MessagePosté le: Lun Fév 11, 2013 18:51    Sujet du message: Répondre en citant

Je n’ai pas lu les autres livres des auteurs, je n’avais lu que les pages pré-publiées de celui là. Je n’ai pas du tout été déçu donc, je n’attendais pas autre chose que ce que j’avais pu en lire auparavant.
J’y vois tout de même un geste très vivant dans tout ça, bien plus qu’un simple catalogue de références. Si le livre effectivement construit et détruit tout un monde bouffon de sens qui se déplient et de signes qui s’emboitent, ça passe dans le même mouvement par une jouissance des agencements, des structures et des dispositions, et de leur remise en jeu constante. La désintégration du code comme cache va de paire avec l’amour du jeu qu’il ouvre. Il y a une critique des systèmes, un désir d’explosion des cadres, tout en réactualisant le plaisir de la rime et du mouvement. Une sorte de grande ironie à mettre en relief l’absurdité des signes mais aussi le plaisir qui vient de leurs agencements.

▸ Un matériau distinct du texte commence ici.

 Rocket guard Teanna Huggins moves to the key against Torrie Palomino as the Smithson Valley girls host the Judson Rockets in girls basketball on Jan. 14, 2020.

Ce qui devient central, ce sont les joies du rebond, de la chausse-trappe, du miroir et du tourbillon. Si la chaire est triste, c’est qu’elle est mécanique, que bêtement ça s’emboite. Et le livre s’emploie à casser tout idée de mécanique pour remettre au centre ce plaisir du jeu. Le mélange des signes devient absurde, ça tourne à vide, mais tellement fort et vite que ce mouvement même en fait tout le prix, ça devient une force. La transfiguration du monde n’est pas un hasard ou une erreur de code, c’est le devenir inéluctable d’une forme en perpétuelle réinvention, jusqu’à ce que le monde en perde pied et devienne autre chose.
Effectivement, érotisation du trait, et aussi jubilation des constructions et destructions, griserie du rythme, de l’éclatement du sens et d’une revitalisation des formes (le trait perpétuellement bouillonnant, le découpage qui semble rebondir tout le temps et se réinvente toutes les deux pages).

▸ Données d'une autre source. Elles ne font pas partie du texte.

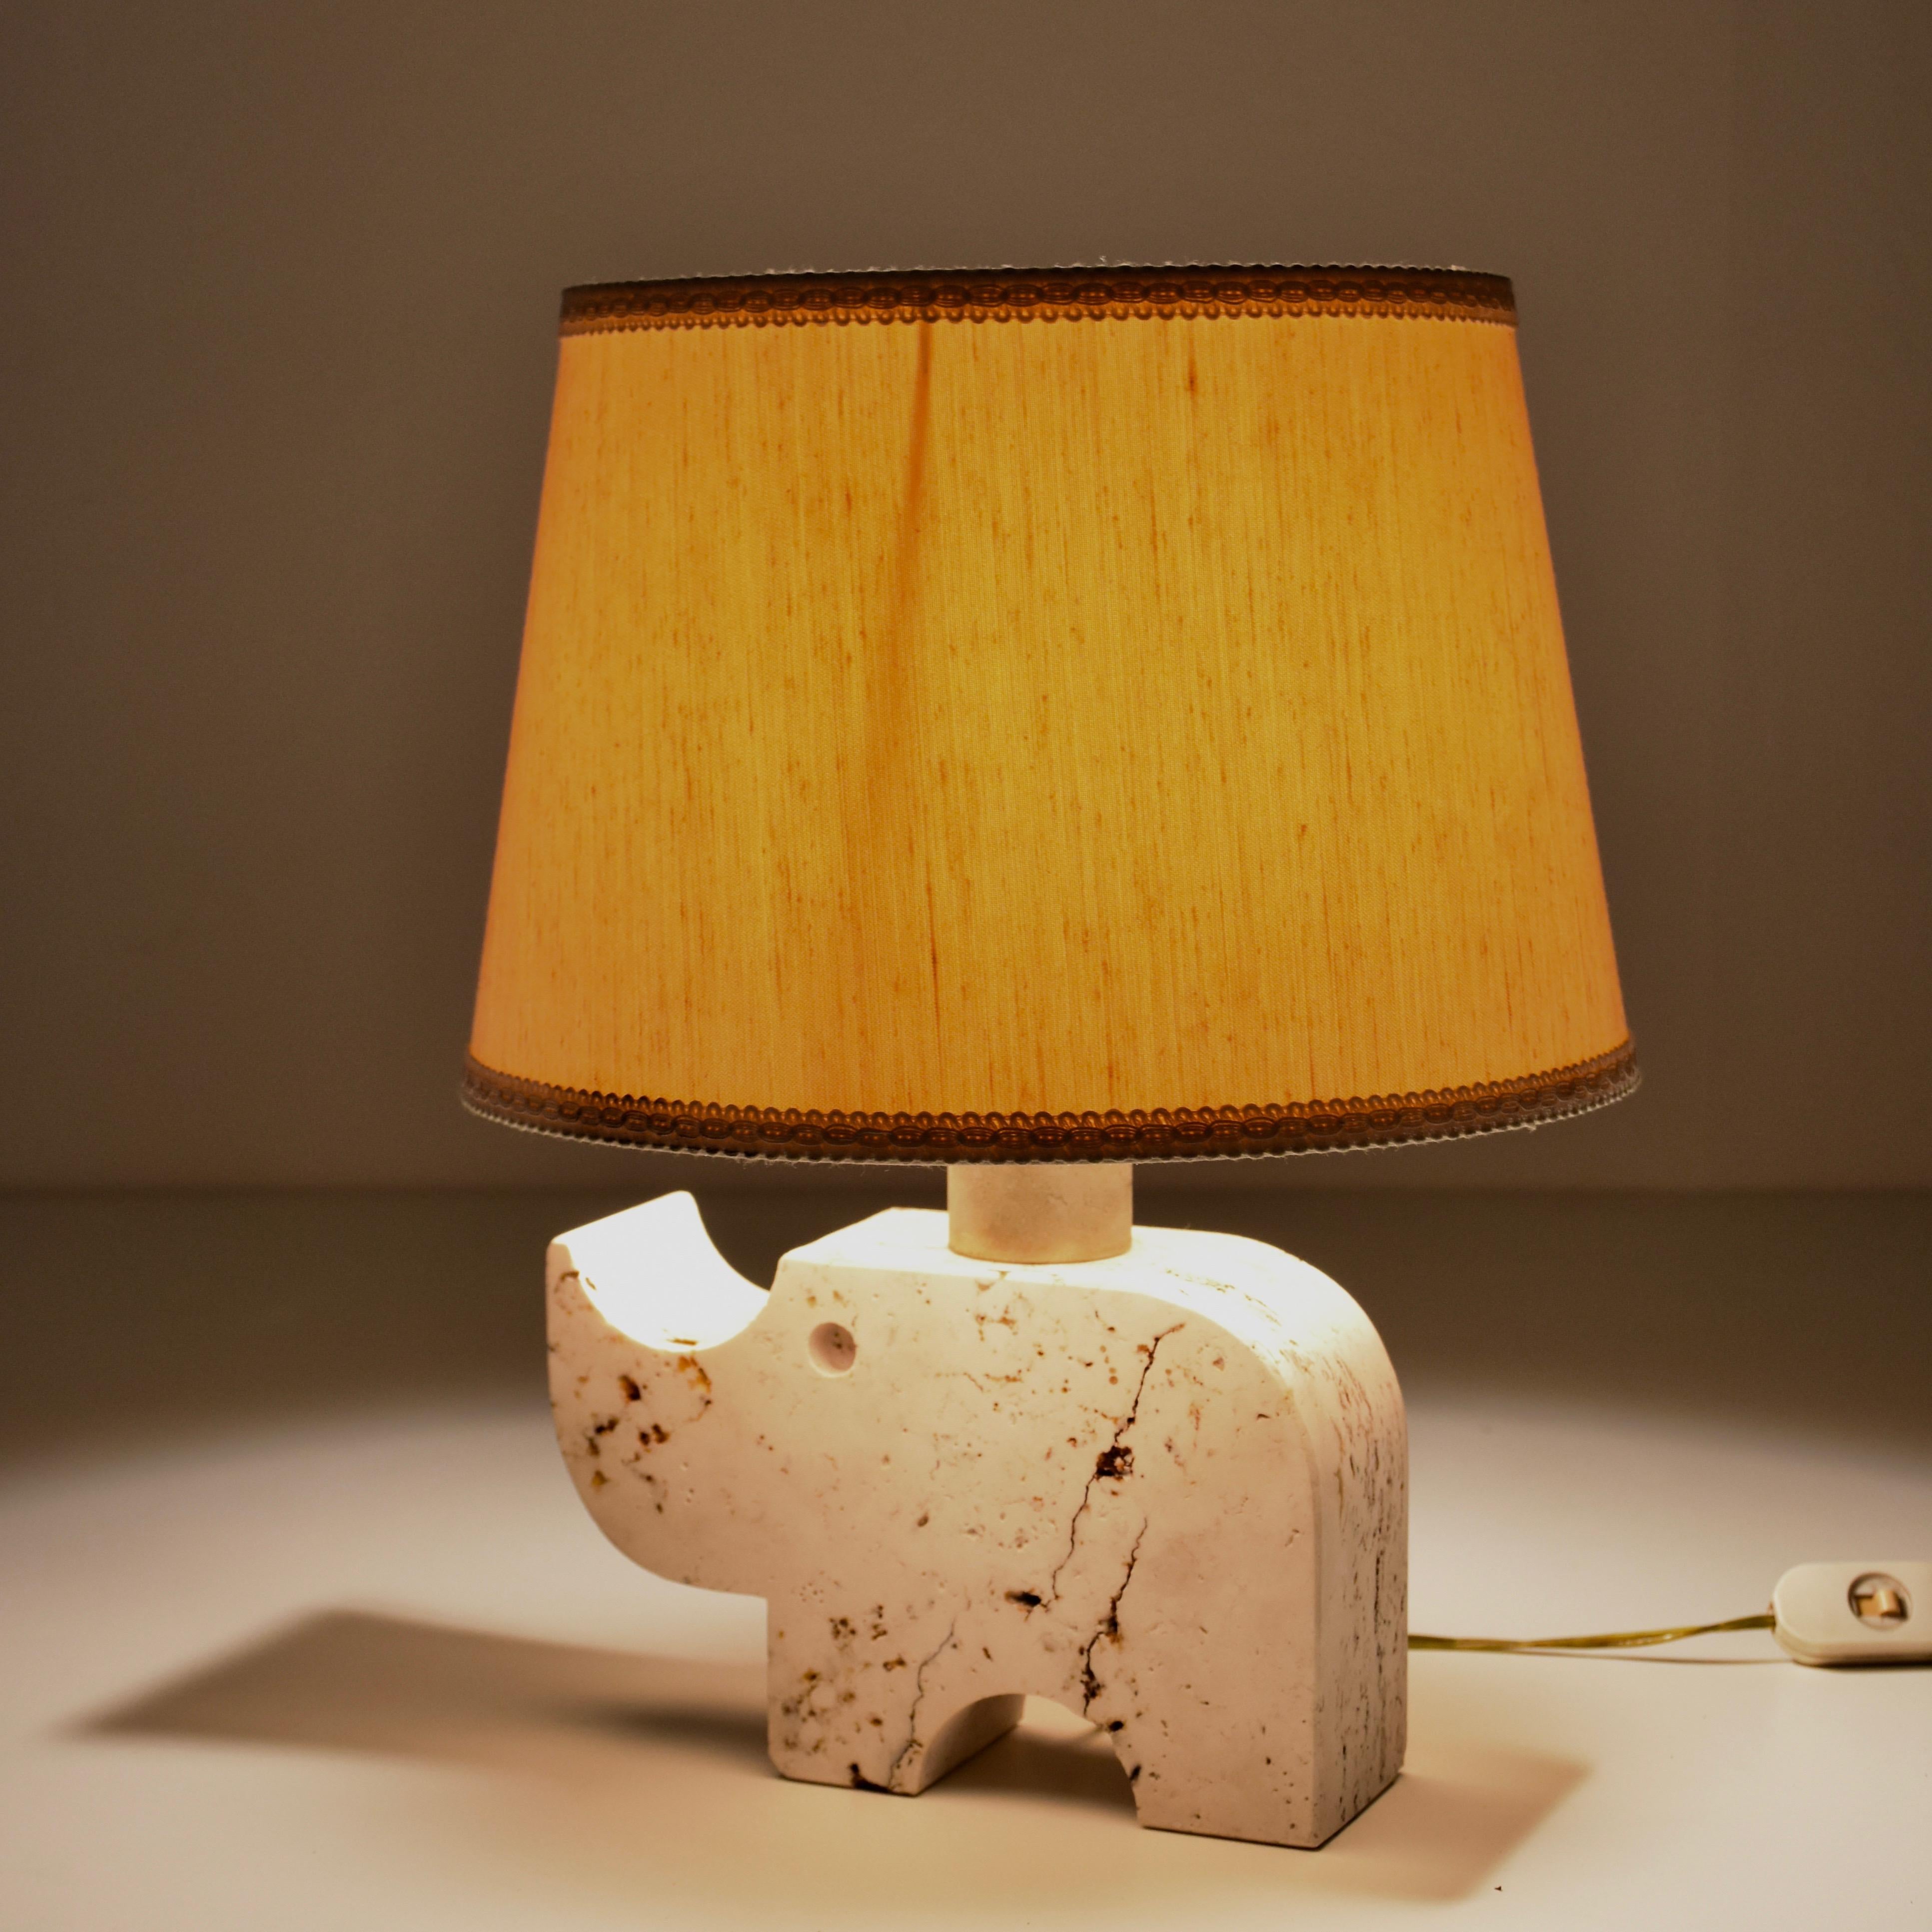 Late 20th Century Travertine Rhinoceros Table Lamp by Fratelli Manelli, Italy, 1970s, Marble Light

Je trouve ce livre bourré d’énergie, pas du tout un machin théorique ou post moderne, mais plutôt un surgissement constant, un truc violent, arraché et joyeux. Ce qu’il propose est de l’ordre du tripal, secouer les codes et les signes jusqu’à en faire surgir des bégaiements, des explosions et des clignotements. La fin est comme une spirale en apothéose, on pète tout, tout se casse la gueule, mais dans une expansion des possibles, le cryptique devient une échappée plastique, le trait une saillie narrative.

En fait je n’ai pas du tout de réserve sur ce livre. Sous ses dehors un peu dandy, il est très simple et très beau (et drôle aussi), et il m’a foutu une sacrée pêche, si je peux me permettre.